_Directions for this task_
Your copy of the lines below must match them exactly and contain no images.

_Data extract_
■ ■ ■ ■ ■

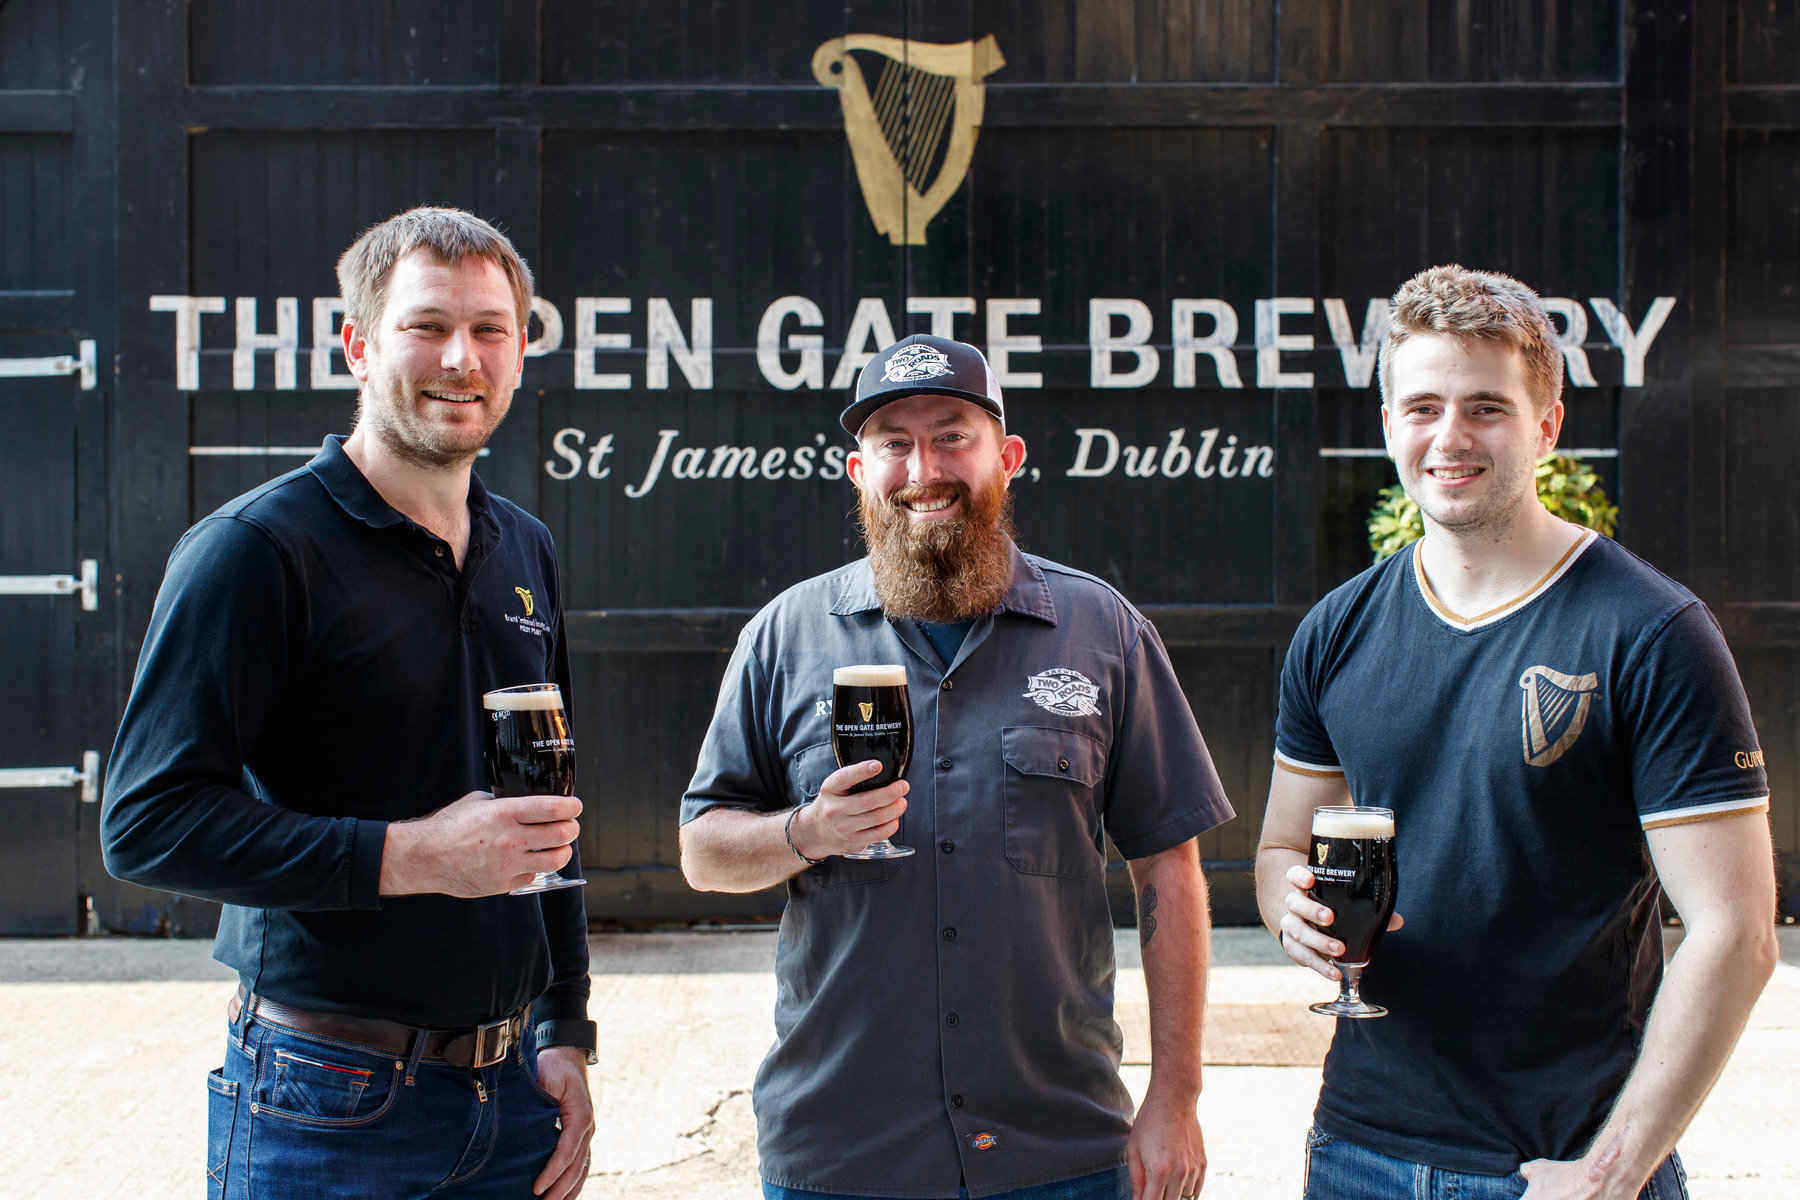 Collaborators at the launch of the new brew (from left): Guinness Master Brewer Peter Simpson, Two Roads Brewing Company’s Brand Ambassador Ryan Crowley and Guinness Brewer Patrick Isard.
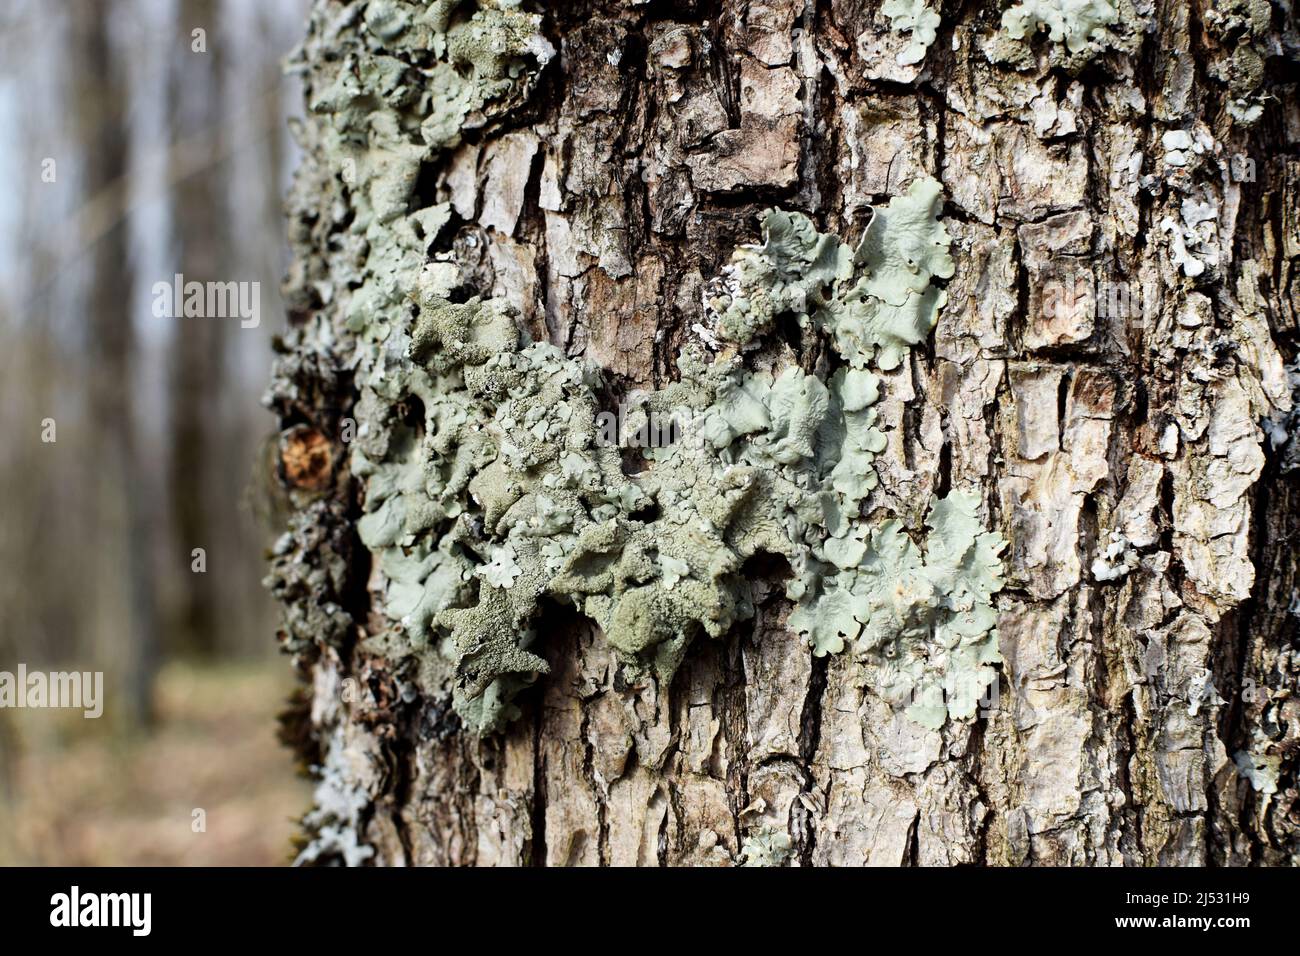 Hypogymnia physodes lichen on a tree trunk in the forest close up, selective focus Stock Photo
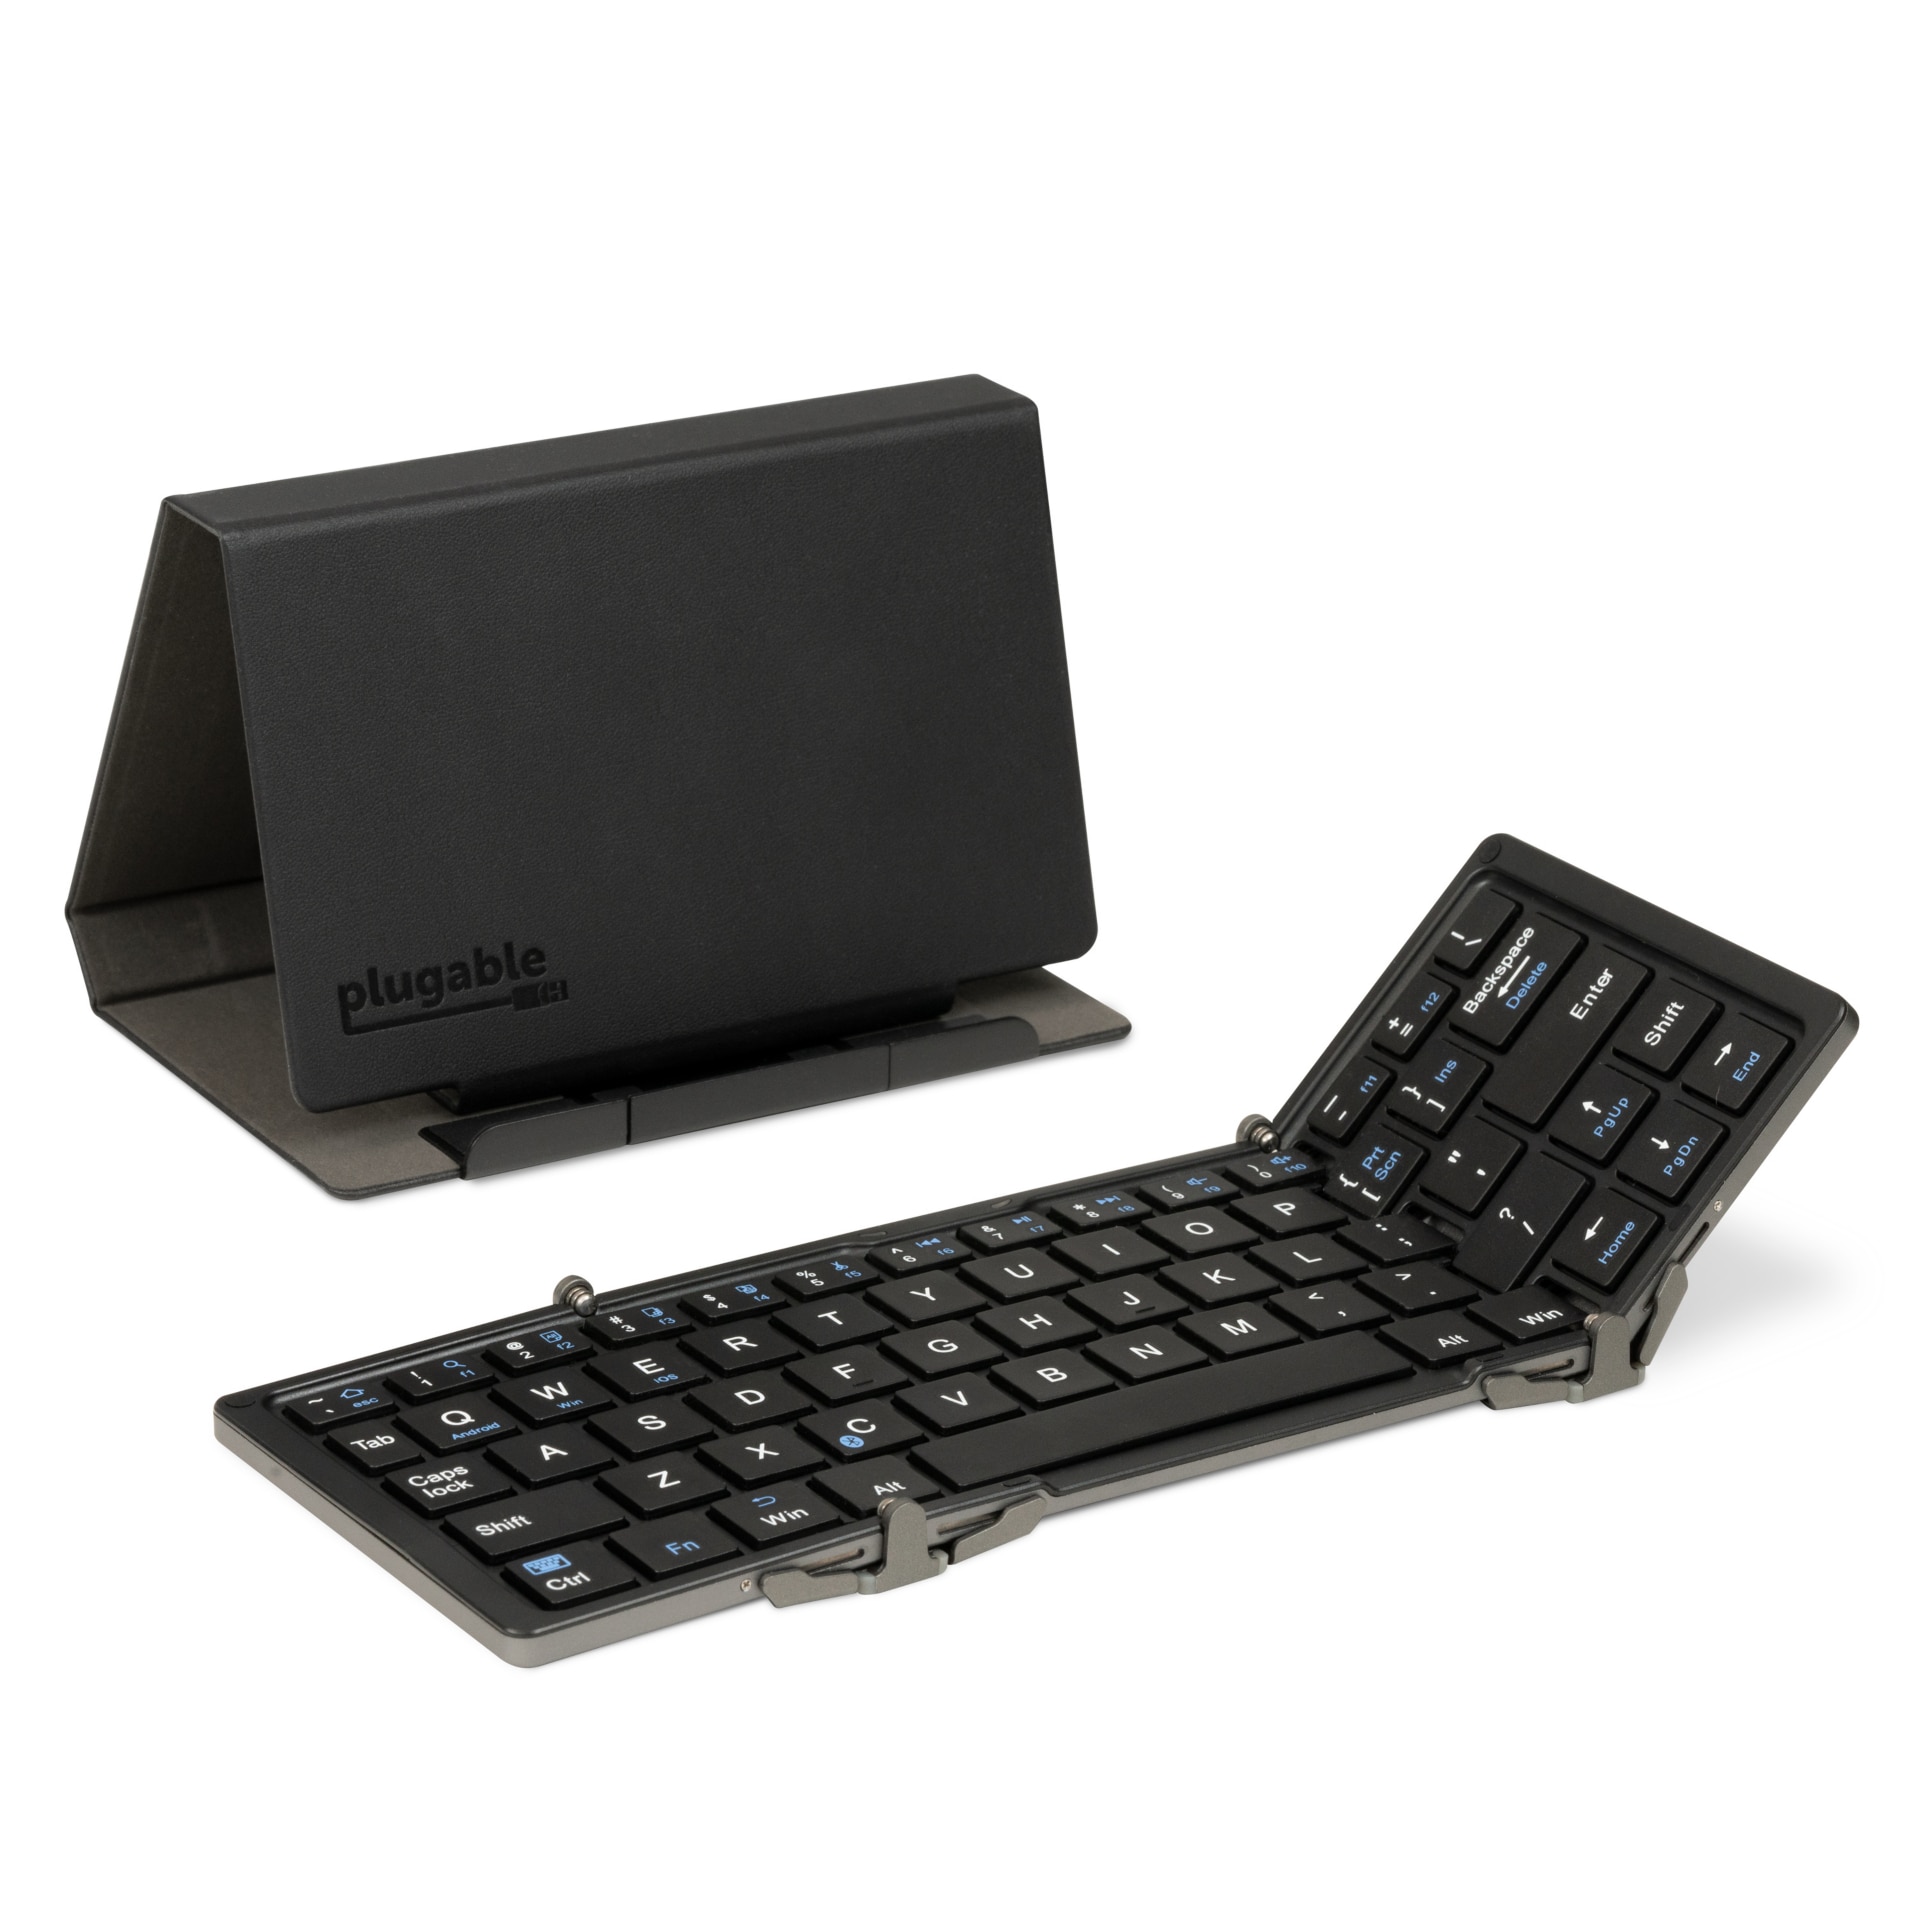 Plugable Foldable Wireless Bluetooth Keyboard Compatible w/ iPad,iPhones,Android,and Windows,Compact and Portable

■ ■ ■ ■ ■

_Written solution_
 Collaborators at the launch of the new brew (from left): Guinness Master Brewer Peter Simpson, Two Roads Brewing Company’s Brand Ambassador Ryan Crowley and Guinness Brewer Patrick Isard.
 Hypogymnia physodes lichen on a tree trunk in the forest close up, selective focus Stock Photo
 Plugable Foldable Wireless Bluetooth Keyboard Compatible w/ iPad,iPhones,Android,and Windows,Compact and Portable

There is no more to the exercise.